Move over creative rock gods, we’re all Tiny Dancers

Photograph of a young girl in a bright yellow top, grey jeans and pink, star-shaped sunglasses pointing her arms and fingers to the right, against a solid, aqua background.

Creativity, like any ability, comes more naturally to some than others but, while we like to attribute creative genius to an individual, it is rarely if ever the product of one person.

Mark Ritson recently shared his views on the subject of whether creativity is an ‘innate, rare thing or something we all have that can be nurtured or trained’. Ritson came out on the side of the former, using a video of Elton John banging out Tiny Dancer after opening up a scrap of crumpled paper from Bernie Taupin as an example of this rare, ‘from Above’ type of creativity. Although Ritson concedes that lower levels of creativity are more open and accessible to more people, he goes on to ask who would want this level of creativity when you can effectively have the rock star.

Now, far be it from me to accuse Ritson esq of antiquated thinking, I wouldn’t dare! 😊 But the idea that creativity comes ‘from Above’ is a hark back to the ancient Greeks’ philosophy. They didn’t believe that creativity came from humans but rather from a divine spirit that came to human beings. People were described as having a creative genius as if it were a magical helper. Then along came the Renaissance and the title of creative genius was attributed solely to the individual, inflating the human ego and overburdening the fragile human psyche.

A ‘tiny dancer’ of an idea

To my mind, creativity is both innate in all of us and something that can be nurtured to genius level. We are all on the creative spectrum and, given the right catalyst, any one of us can have a ‘tiny dancer’ of an idea. It’s true that creativity, like any ability, comes more naturally to some than others and is more developed from the outset in a few people, usually at the expense of other abilities. It’s no coincidence that those who are considered inherently creative are often the most childlike in terms of other behaviour. They consciously or unconsciously resist the confines of adulthood, social considerations, conventions and boundaries to remain free to focus on their impulses to play and experiment. Left unchecked and without the input of others, these people’s impulses can be more destructive than creative. And we’re back to the classic rock star persona!


Creativity is both innate in all of us and something that can be nurtured to genius level. We are all on the creative spectrum and, given the right catalyst, any one of us can have a ‘tiny dancer’ of an idea.

As a meter of fact

I don’t subscribe to Renaissance thinking that an individual alone is the source of some rare creative genius. Neither do I believe in the ancients’ divine spirit theory, albeit the collaborative element of this description of creative genius does strike the right chord with me.

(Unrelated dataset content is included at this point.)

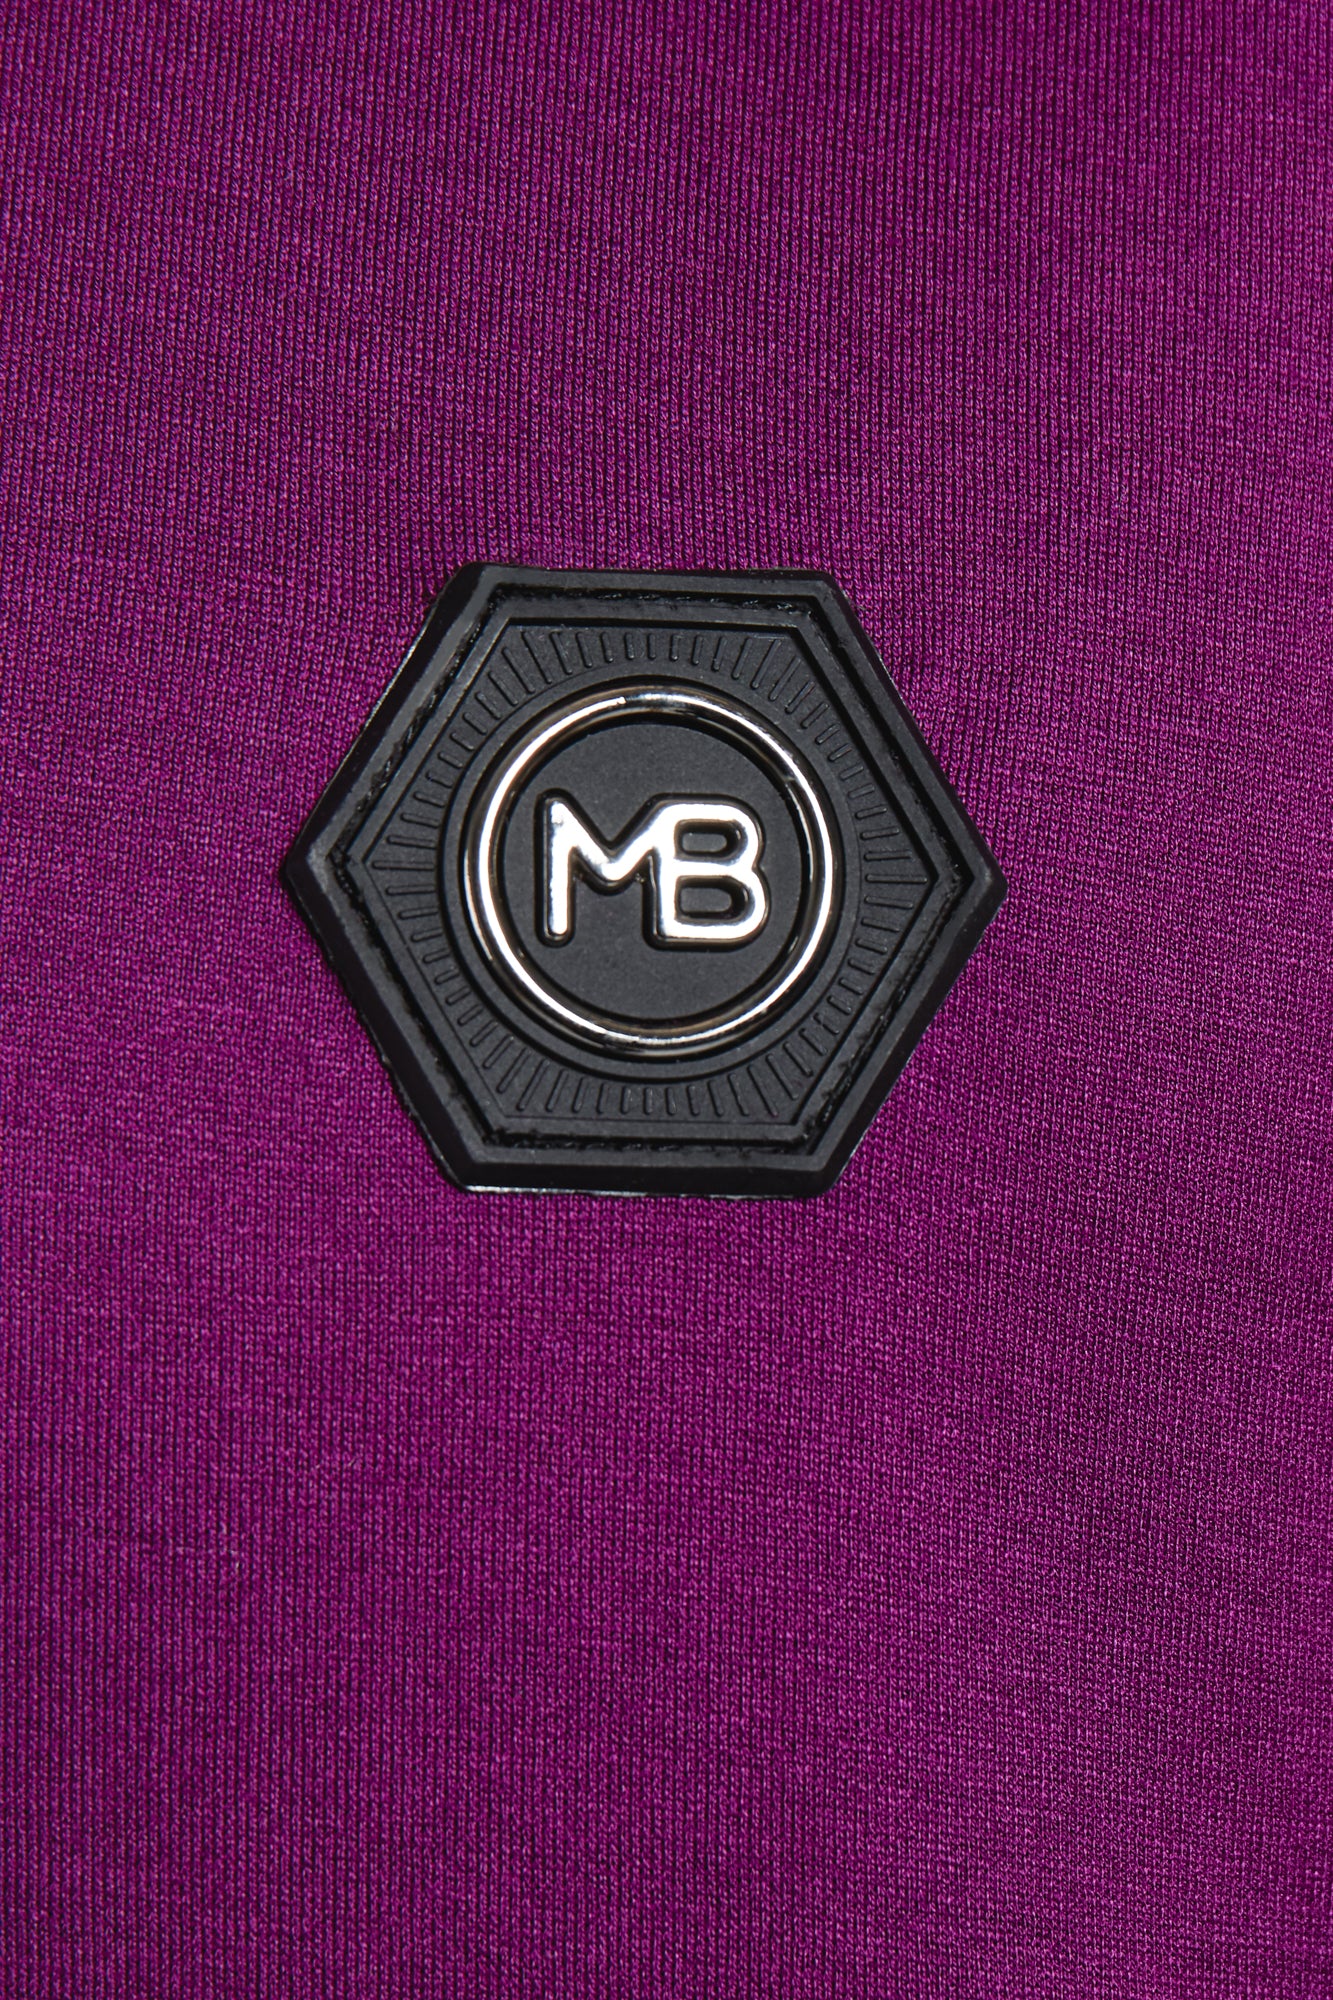 MB Chest Badge Shirt Burgundy

While we like to attribute creative genius, or ‘world beating creativity’ as Ritson calls it, to an individual, it is, I would argue, rarely if ever the product of one person. The rock star creative may be ‘front of stage’, but they are just one person in the creative mix.

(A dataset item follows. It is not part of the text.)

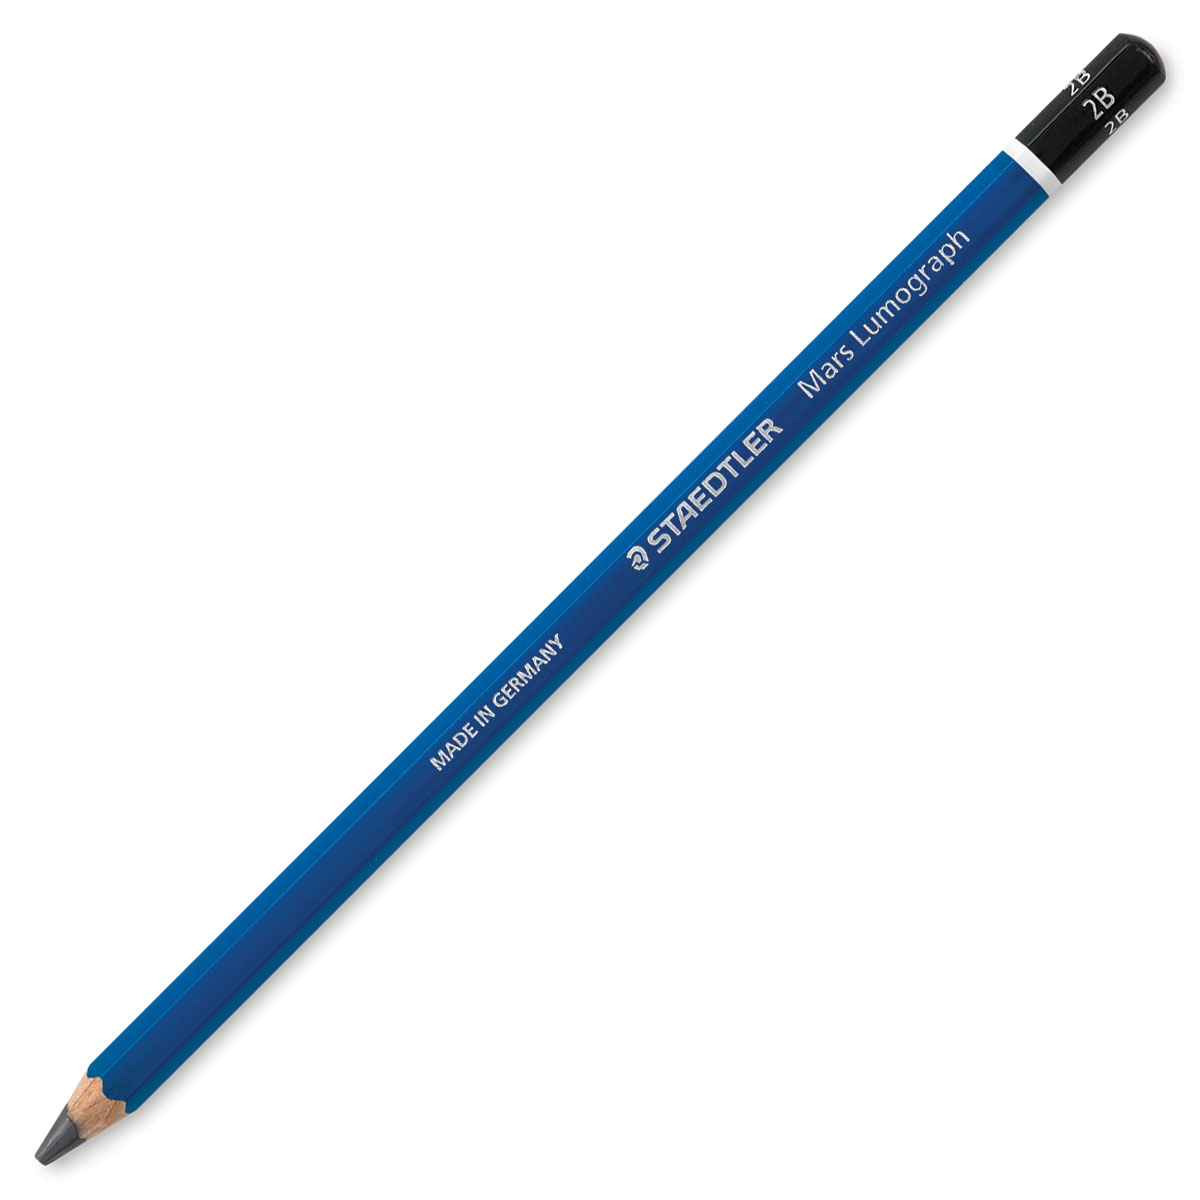  STD100WP4  Staedtler-Mars Lumograph set Drawing Pencils

Ideas are formed in relation to something else, often another’s idea, someone who in turn has been influenced by someone else. No idea comes into existence or is executed in isolation. Taking Ritson’s example of Elton (full name Sir Elton Hercules John CH CBE according to his website), you can’t deny his technical talent as a musician, but this is a reaction to Bernie’s (full name Bernard John Taupin CBE) song writing ability. Bernie provided Elton with the words, theme, structure, tone and meter for Tiny Dancer on that screwed up bit of paper that enabled him to conjure up the accompanying musical notes.

The gift that keeps on giving

Bernie provided the stimulation and structure for Elton’s seemingly effortless creative magic. I say seemingly effortless because the idea that creative genius is a gift from on high rather than a process that involves both graft and craft over time is to do anyone who contributes to the creative process and works in the creative industry, no matter how talented they are or what role in the process they fulfil, a disservice.

My philosophy and that of NEO is that creativity is an ability we all possess and that anyone can be trained to have a creative mindset and to constructively contribute to the creative process provided they are given the right impetus and framework. We also believe that the ‘best creative’ is the product of a collaborative effort, a chorus of tiny dancers and not a term for an individual rock star.